◆ **INSTRUCTIONS FOR THE TASK**: Set out exactly, line by line, the stretch of data below that begins at the line containing "Fabulous Gaultier Cross Back White Shirt 1" and ends at the line containing "Hawkeye Thumb 4K HD FPV Camera j", with both ends kept.

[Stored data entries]
►

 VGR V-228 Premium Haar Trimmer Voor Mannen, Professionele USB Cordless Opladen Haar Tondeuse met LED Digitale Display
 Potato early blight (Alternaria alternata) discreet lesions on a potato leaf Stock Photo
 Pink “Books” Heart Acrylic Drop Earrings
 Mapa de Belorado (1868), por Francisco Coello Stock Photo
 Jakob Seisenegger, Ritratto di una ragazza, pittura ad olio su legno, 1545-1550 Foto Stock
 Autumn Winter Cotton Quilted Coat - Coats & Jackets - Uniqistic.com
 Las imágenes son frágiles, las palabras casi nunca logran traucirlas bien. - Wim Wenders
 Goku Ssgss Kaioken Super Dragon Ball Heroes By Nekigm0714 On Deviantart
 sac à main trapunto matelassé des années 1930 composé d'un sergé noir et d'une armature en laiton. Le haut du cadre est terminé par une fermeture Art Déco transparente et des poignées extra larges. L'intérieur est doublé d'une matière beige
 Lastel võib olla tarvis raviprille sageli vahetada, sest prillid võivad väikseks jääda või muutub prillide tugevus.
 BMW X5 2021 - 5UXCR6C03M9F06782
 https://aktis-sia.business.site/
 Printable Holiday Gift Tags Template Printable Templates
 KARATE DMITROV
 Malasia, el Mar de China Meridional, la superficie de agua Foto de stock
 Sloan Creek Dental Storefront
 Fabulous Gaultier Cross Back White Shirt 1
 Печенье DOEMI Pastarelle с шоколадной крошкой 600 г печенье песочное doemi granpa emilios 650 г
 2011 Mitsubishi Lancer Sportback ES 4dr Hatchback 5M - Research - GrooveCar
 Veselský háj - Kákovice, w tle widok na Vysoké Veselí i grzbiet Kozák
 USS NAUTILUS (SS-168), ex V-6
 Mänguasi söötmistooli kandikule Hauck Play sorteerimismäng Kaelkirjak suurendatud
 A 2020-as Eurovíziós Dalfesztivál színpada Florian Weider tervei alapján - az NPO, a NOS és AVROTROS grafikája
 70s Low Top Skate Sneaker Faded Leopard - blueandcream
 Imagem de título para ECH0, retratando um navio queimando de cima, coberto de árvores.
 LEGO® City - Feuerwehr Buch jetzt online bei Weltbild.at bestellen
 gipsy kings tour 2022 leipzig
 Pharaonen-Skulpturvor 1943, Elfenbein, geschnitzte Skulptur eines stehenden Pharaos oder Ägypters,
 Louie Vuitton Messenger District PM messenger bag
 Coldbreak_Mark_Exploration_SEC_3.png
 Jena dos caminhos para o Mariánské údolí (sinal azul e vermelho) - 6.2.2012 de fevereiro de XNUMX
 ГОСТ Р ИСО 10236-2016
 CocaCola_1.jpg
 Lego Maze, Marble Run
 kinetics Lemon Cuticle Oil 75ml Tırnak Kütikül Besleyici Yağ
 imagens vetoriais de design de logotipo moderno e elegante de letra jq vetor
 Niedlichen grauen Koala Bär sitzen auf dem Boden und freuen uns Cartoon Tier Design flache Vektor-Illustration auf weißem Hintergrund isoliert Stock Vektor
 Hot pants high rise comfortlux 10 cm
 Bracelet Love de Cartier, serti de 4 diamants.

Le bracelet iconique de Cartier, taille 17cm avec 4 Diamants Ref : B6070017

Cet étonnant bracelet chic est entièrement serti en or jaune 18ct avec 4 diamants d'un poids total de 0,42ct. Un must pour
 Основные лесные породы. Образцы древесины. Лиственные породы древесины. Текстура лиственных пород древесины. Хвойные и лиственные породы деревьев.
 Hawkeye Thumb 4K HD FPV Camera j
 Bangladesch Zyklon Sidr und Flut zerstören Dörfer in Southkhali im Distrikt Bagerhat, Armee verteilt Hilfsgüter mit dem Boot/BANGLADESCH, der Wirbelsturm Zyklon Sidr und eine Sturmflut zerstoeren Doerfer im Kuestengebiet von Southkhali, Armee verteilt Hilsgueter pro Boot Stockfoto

◄

◆ **ANSWER TO THIS PROBLEM**:
 Fabulous Gaultier Cross Back White Shirt 1
 Печенье DOEMI Pastarelle с шоколадной крошкой 600 г печенье песочное doemi granpa emilios 650 г
 2011 Mitsubishi Lancer Sportback ES 4dr Hatchback 5M - Research - GrooveCar
 Veselský háj - Kákovice, w tle widok na Vysoké Veselí i grzbiet Kozák
 USS NAUTILUS (SS-168), ex V-6
 Mänguasi söötmistooli kandikule Hauck Play sorteerimismäng Kaelkirjak suurendatud
 A 2020-as Eurovíziós Dalfesztivál színpada Florian Weider tervei alapján - az NPO, a NOS és AVROTROS grafikája
 70s Low Top Skate Sneaker Faded Leopard - blueandcream
 Imagem de título para ECH0, retratando um navio queimando de cima, coberto de árvores.
 LEGO® City - Feuerwehr Buch jetzt online bei Weltbild.at bestellen
 gipsy kings tour 2022 leipzig
 Pharaonen-Skulpturvor 1943, Elfenbein, geschnitzte Skulptur eines stehenden Pharaos oder Ägypters,
 Louie Vuitton Messenger District PM messenger bag
 Coldbreak_Mark_Exploration_SEC_3.png
 Jena dos caminhos para o Mariánské údolí (sinal azul e vermelho) - 6.2.2012 de fevereiro de XNUMX
 ГОСТ Р ИСО 10236-2016
 CocaCola_1.jpg
 Lego Maze, Marble Run
 kinetics Lemon Cuticle Oil 75ml Tırnak Kütikül Besleyici Yağ
 imagens vetoriais de design de logotipo moderno e elegante de letra jq vetor
 Niedlichen grauen Koala Bär sitzen auf dem Boden und freuen uns Cartoon Tier Design flache Vektor-Illustration auf weißem Hintergrund isoliert Stock Vektor
 Hot pants high rise comfortlux 10 cm
 Bracelet Love de Cartier, serti de 4 diamants.

Le bracelet iconique de Cartier, taille 17cm avec 4 Diamants Ref : B6070017

Cet étonnant bracelet chic est entièrement serti en or jaune 18ct avec 4 diamants d'un poids total de 0,42ct. Un must pour
 Основные лесные породы. Образцы древесины. Лиственные породы древесины. Текстура лиственных пород древесины. Хвойные и лиственные породы деревьев.
 Hawkeye Thumb 4K HD FPV Camera j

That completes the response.